(Beginning of Excerpted records)
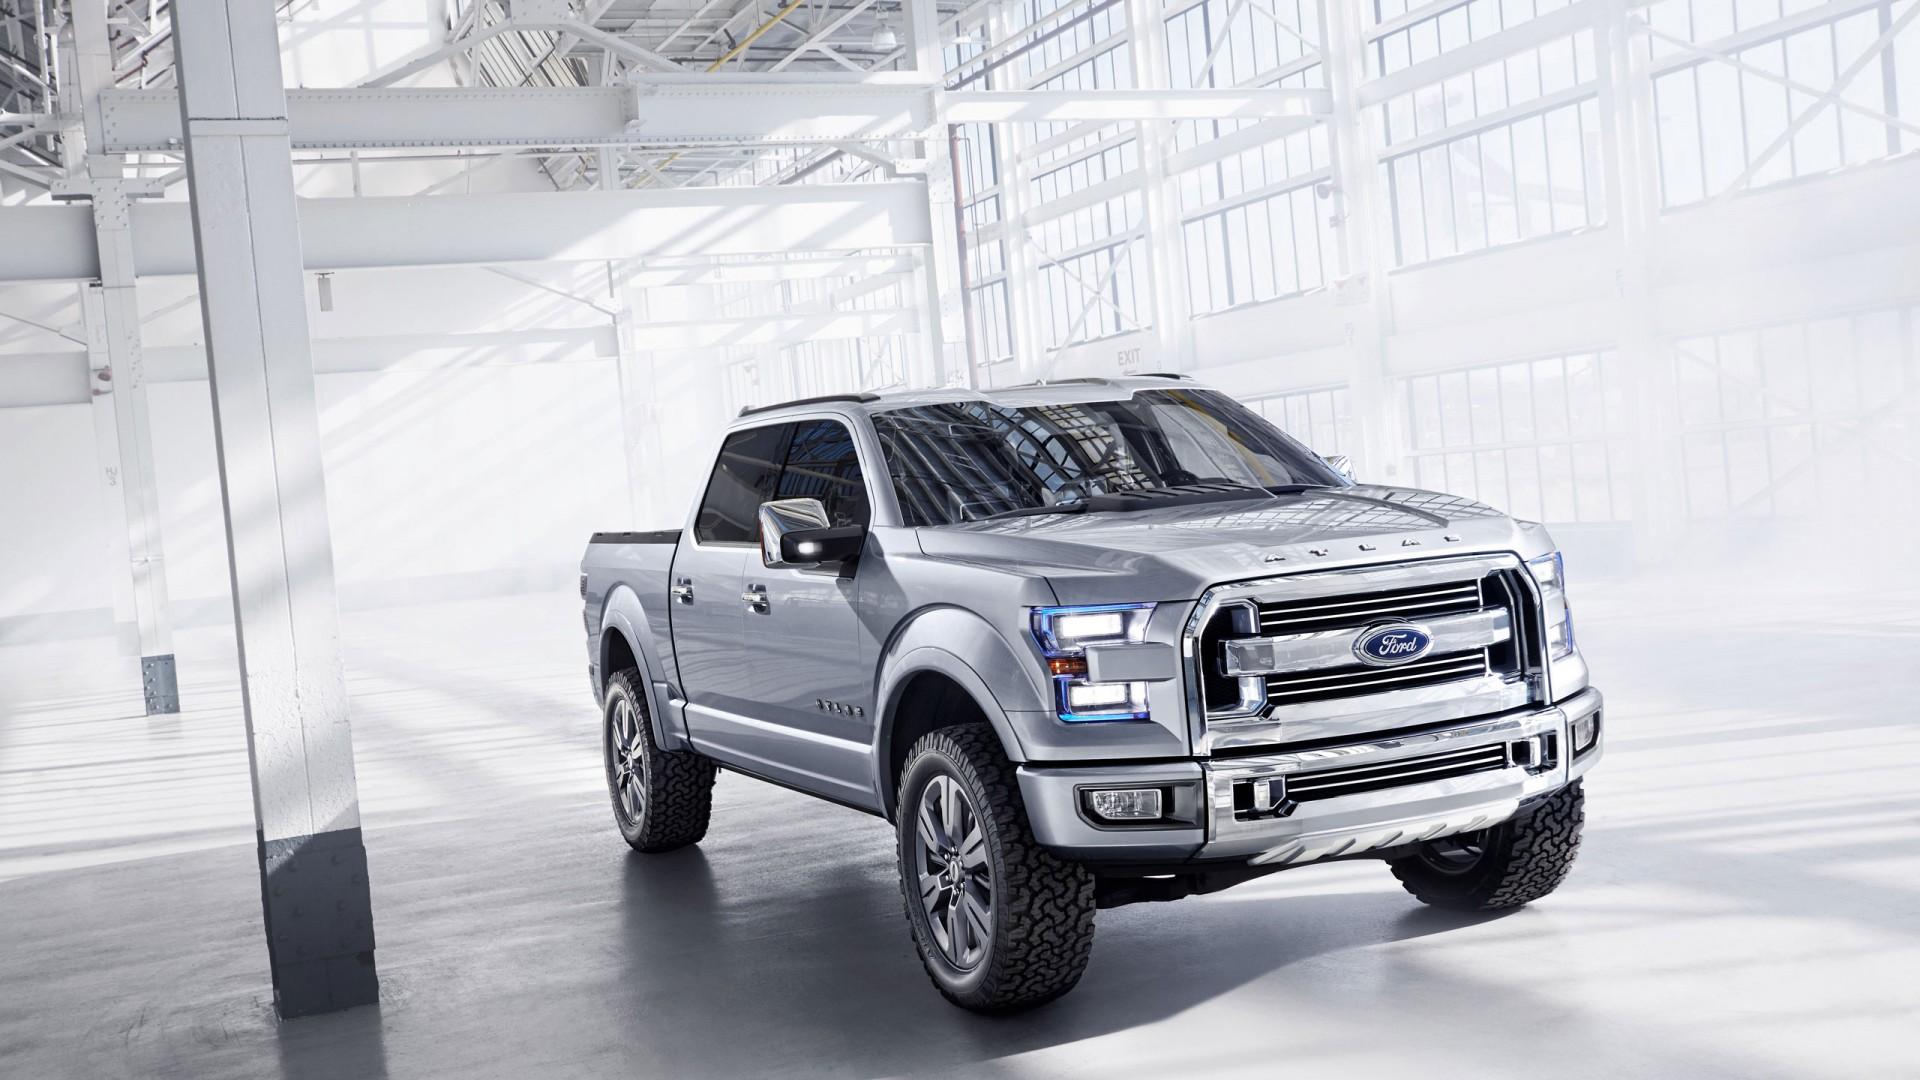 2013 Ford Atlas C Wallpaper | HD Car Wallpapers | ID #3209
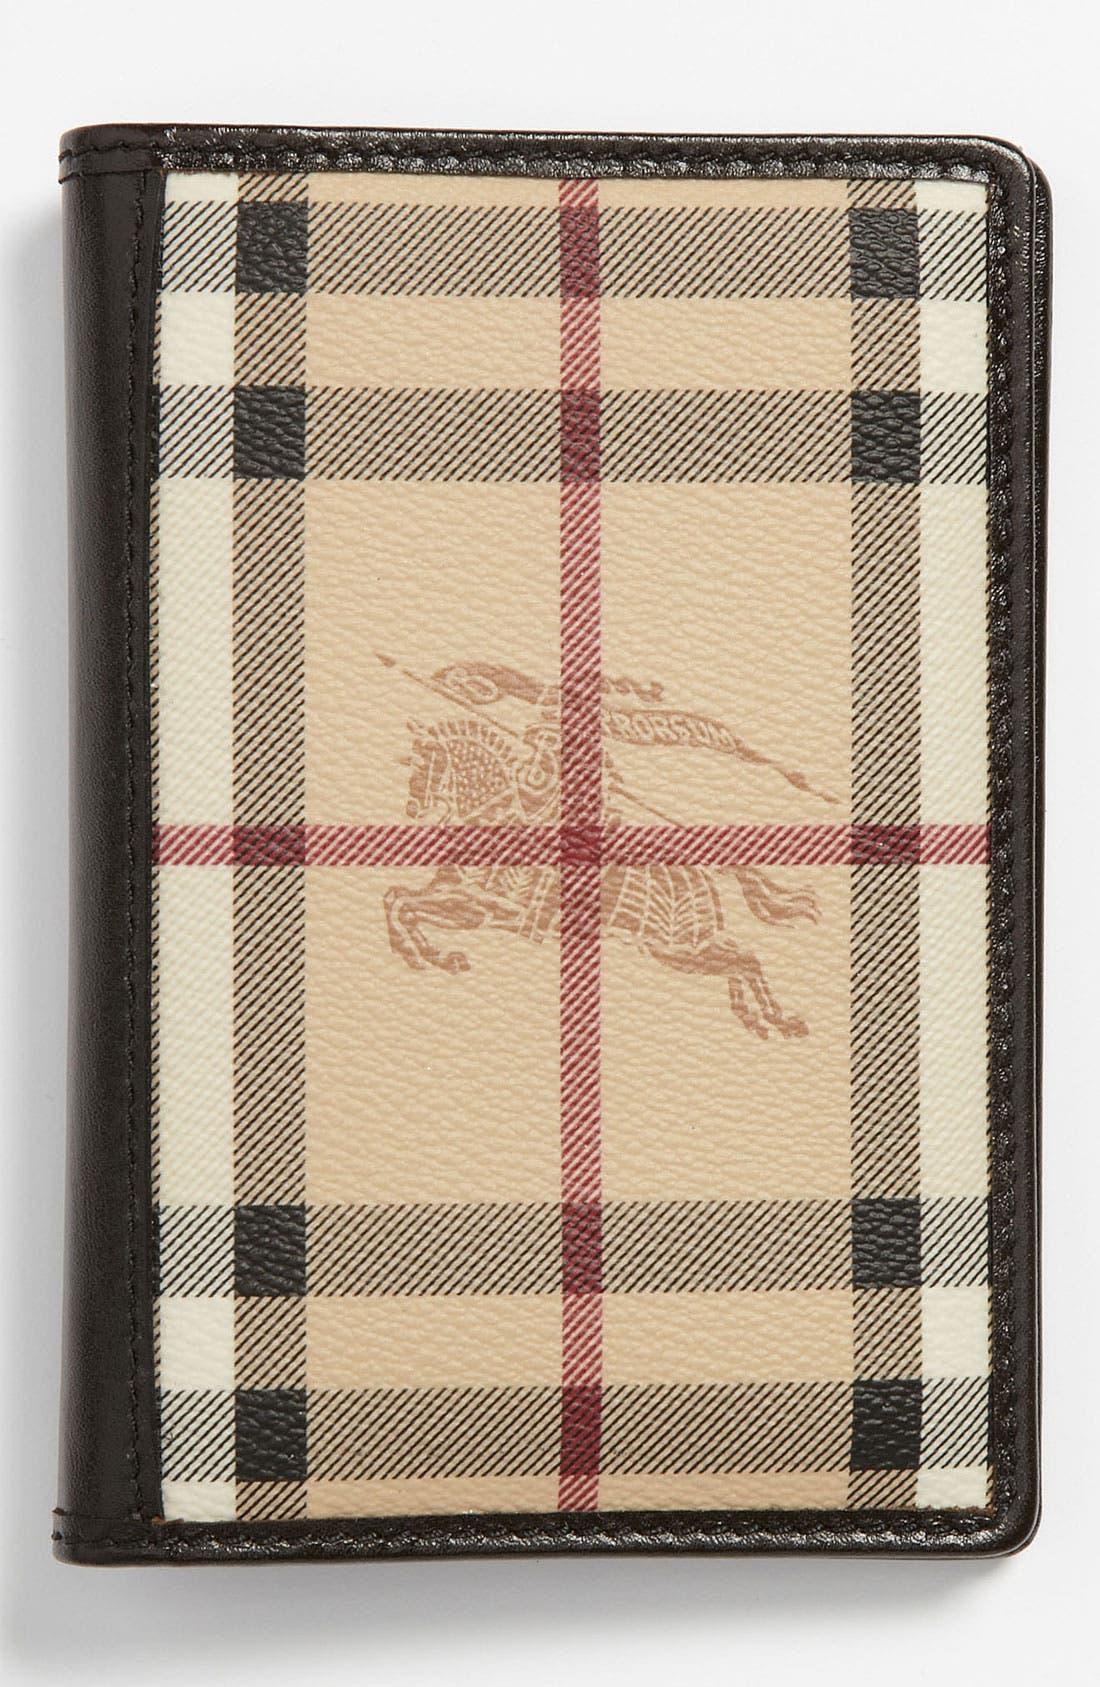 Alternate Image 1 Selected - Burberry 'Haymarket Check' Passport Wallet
(End of Excerpted records)
(Beginning of Excerpted records)
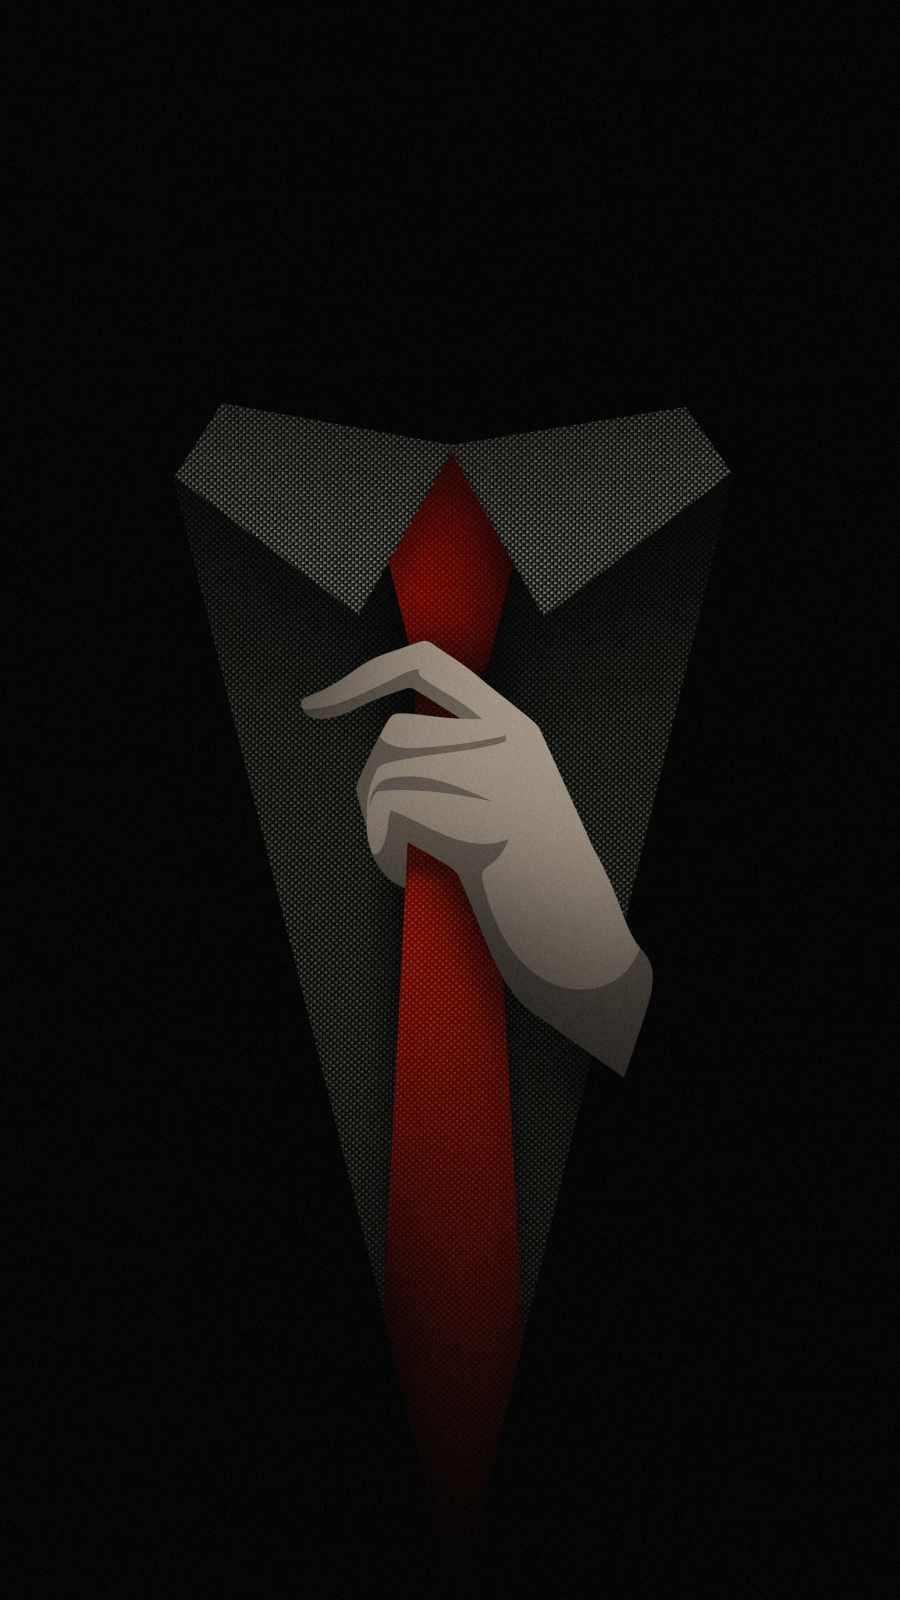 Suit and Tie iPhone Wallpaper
(End of Excerpted records)
(Beginning of Excerpted records)
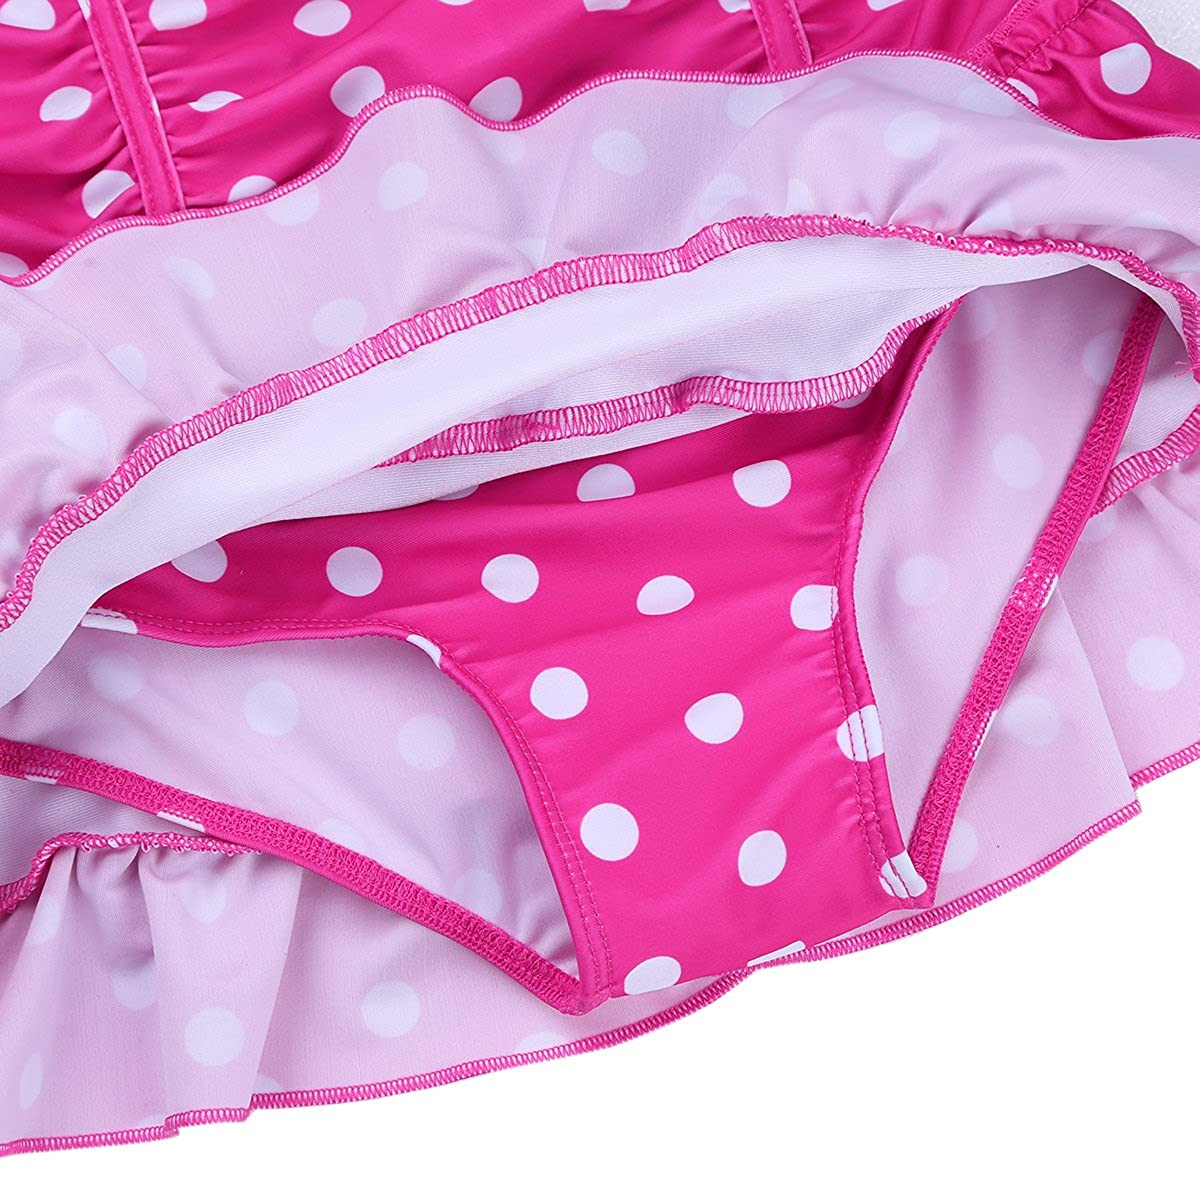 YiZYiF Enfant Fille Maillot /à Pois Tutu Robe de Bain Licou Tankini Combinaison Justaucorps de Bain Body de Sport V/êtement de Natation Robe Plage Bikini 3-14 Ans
(End of Excerpted records)
▶ [Your assignment]: An exact copy is needed. It runs from the line above containing "2013 Ford Atlas" down to the line containing "Alternate Image 1", both included, with no pictures.

▶ [Solution for this problem]:
 2013 Ford Atlas C Wallpaper | HD Car Wallpapers | ID #3209
 Alternate Image 1 Selected - Burberry 'Haymarket Check' Passport Wallet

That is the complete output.